Valor econômico, v. 18, n. 4454, 05/03/2018. Brasil, p. A2.

 

 

BNDES deveria se concentrar em estimular a inovação, indica estudo

Ana Conceição

05/03/2018

 

 

A fim de resgatar o papel de indutor do desenvolvimento, o BNDES deveria reformular sua política de crédito partindo de quatro metas: incentivo à inovação, aumento da produtividade, da competitividade e da inserção internacional das empresas brasileiras, sobretudo as pequenas e médias. A proposição é de João Furtado, doutor em Economia pela Universidade Paris 13 e diretor da Elabora Consultoria. Tendo como partida essas metas, o economista, especializado em estratégias e políticas industriais, escreveu um estudo em que faz dez propostas para um "novo" BNDES.

O texto de Furtado é o segundo de uma série apoiada pelo Instituto de Estudos para o Desenvolvimento Industrial (Iedi) com o propósito de discutir o papel do banco no futuro do país. O primeiro, divulgado em janeiro, escrito pelo economista Ernani Teixeira, professor da UFRJ e ex-superintendente da instituição, propunha o fim da relação entre o BNDES e o Tesouro Nacional.

Algumas das principais propostas de Furtado envolvem mudanças no Finame, programa de financiamento para produção e aquisição de máquinas e equipamentos novos de fabricação nacional. "O Finame deveria se orientar pela promoção da inovação, do desenvolvimento tecnológico", afirma. Ele diz que a linha, a mais antiga do BNDES, precisa financiar a modernização da indústria e de outros setores, aumentando a competitividade das empresas nos mercados interno e externo.

O cadastro de produtos que podem ser financiados hoje pelo Finame é "velho e estático", diz o estudo, muito voltado para produtos como caminhões e ônibus, por exemplo, e incapaz de orientar a evolução da produção e da tecnologia. A ideia que a linha passe a financiar itens como serviços tecnológicos, design, consultorias de engenharia, programas de manufatura avançada, entre outros. Outra proposta dentro do escopo do Finame seria a criação de linhas subsidiadas em três eixos: exportação, bens de consumo e infraestrutura, este com uma vertente para estimular a chamada indústria 4.0.

O BNDES tem atualmente programas voltados à inovação, como o Finem e o Criatec, mas são de pequena escala, dão poucos incentivos e são muito seletivos, diz Furtado.

As proposições do estudo ainda incluem a criação de um fundo para investimento em companhias de base tecnológica, que possam contribuir para aumentar a produtividade da economia. Também preveem a elaboração de um programa de internacionalização de empresas, financiamento de incubadoras tecnológicas para pequenas e médias empresas no exterior, apoio à economia de baixo carbono, desenvolvimento de tecnologias para conciliar a agricultura familiar e serviços ambientais e apoio a novas formas de geração de energia.

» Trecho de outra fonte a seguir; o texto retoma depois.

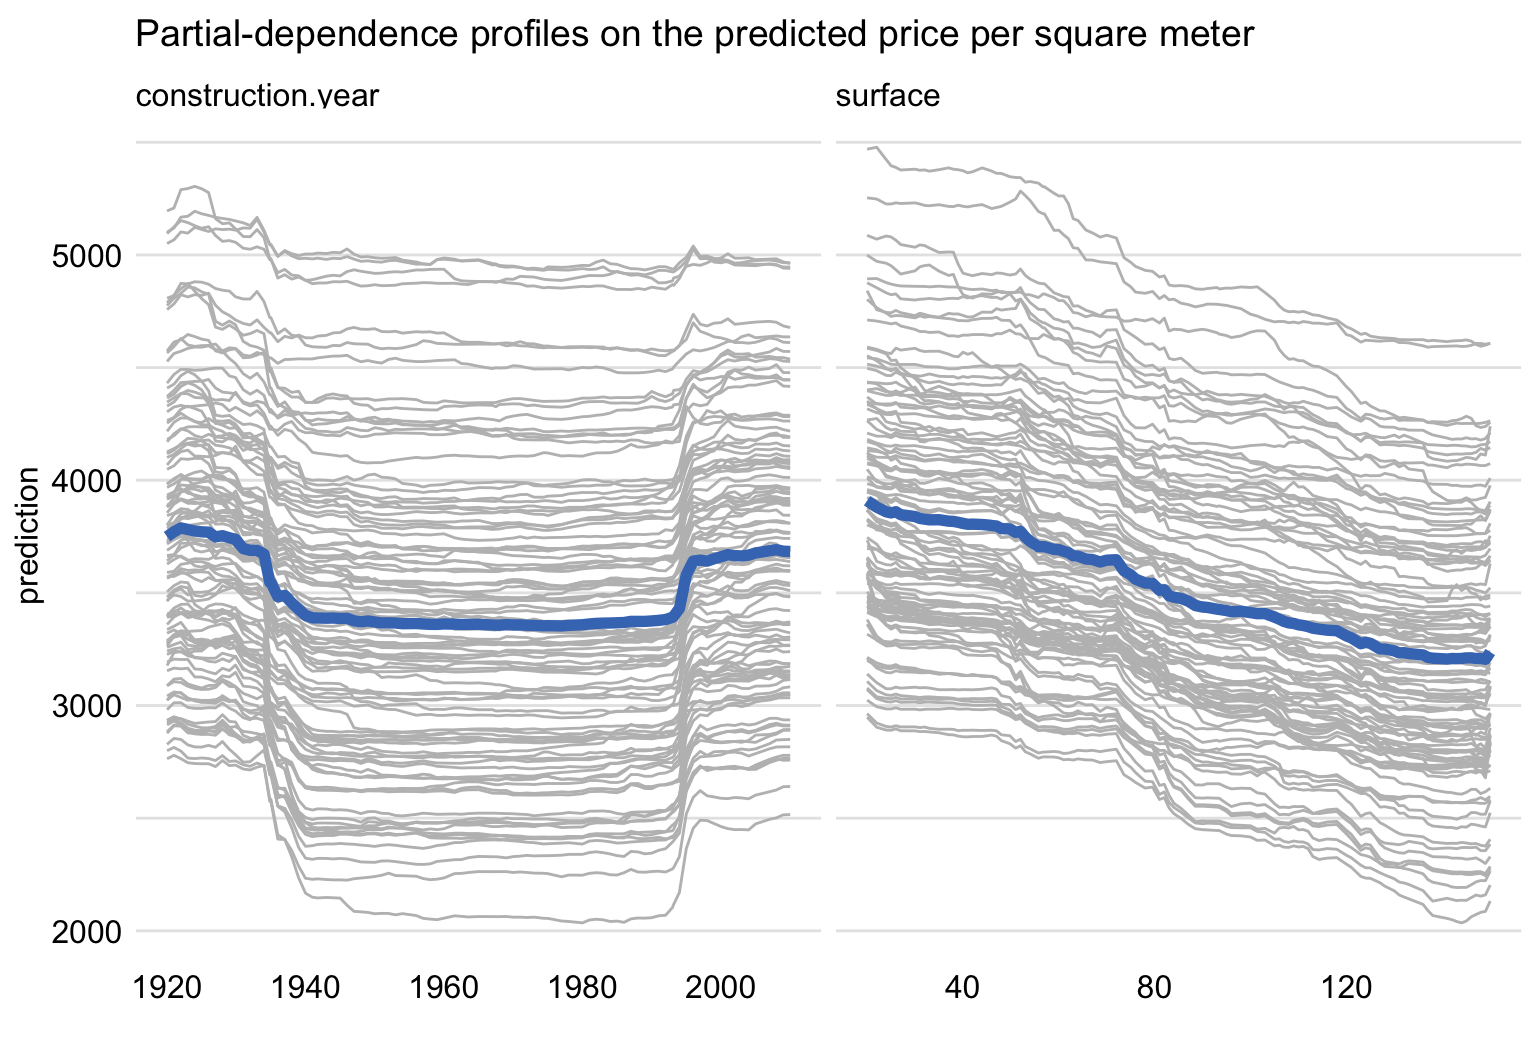 Ceteris-paribus and partial-dependence profiles for construction year and surface for 100 randomly-selected apartments for the random forest model for the apartment-prices dataset.

Um ponto importante dessa política é estimular pequenas e médias empresas inovadoras, que têm dificuldade de conseguir crédito em bancos comerciais. "Não há quem aposte nelas. E a missão do BNDES é apoiar o que é novo. Para apoiar o que existe, o que já dá certo, existe o mercado", afirma Furtado. O estudo não exclui o crédito a grandes empresas, desde que seus projetos atendam aos critérios de inovação, produtividade e competitividade. Mas ele pondera que o desafio é não privilegiar o que chama de "núcleo superior", a elite empresarial.

"São as pequenas e médias empresas que vão rejuvenescer o tecido empresarial brasileiro", afirma. Esse "rejuvenescimento" é essencial para o desenvolvimento da economia, diz.

Furtado reconhece que tais propostas não são compatíveis com a Taxa de Longo Prazo (TLP), que passou a remunerar os empréstimos do BNDES e que se aproxima das taxas de juros praticadas pelo mercado. "Se vou financiar mil pequenas empresas que não conseguem crédito privado, tenho que emprestar mais barato. Isso tem que ser colocado no orçamento [da União]", diz. Mas a conta fecha no longo prazo, defende, por meio do efeito multiplicador sobre a economia. "Apoiar empresas com alto potencial de crescimento gera um impacto fiscal positivo no futuro", afirma o economista, que também defende a extinção de garantias para os empréstimos a empresas inovadoras. "A exigência de garantias é a maior restrição ao rejuvenescimento do meio industrial do país", diz. A equipe do BNDES tem conhecimento suficiente para fazer análise de risco de empresas com alto potencial de crescimento, afirma. "Alguém precisa se preocupar com o investimento que não cabe na lógica do crédito privado, mas que gera benefícios socioeconômicos".

Por fim, o economista sugere que o banco de fomento desenvolva a capacidade de apoiar projetos de cooperação entre grupos de empresas, de um lado, e instituições de pesquisa públicas ou privadas, fundações de amparo à ciência e fundos, de outro.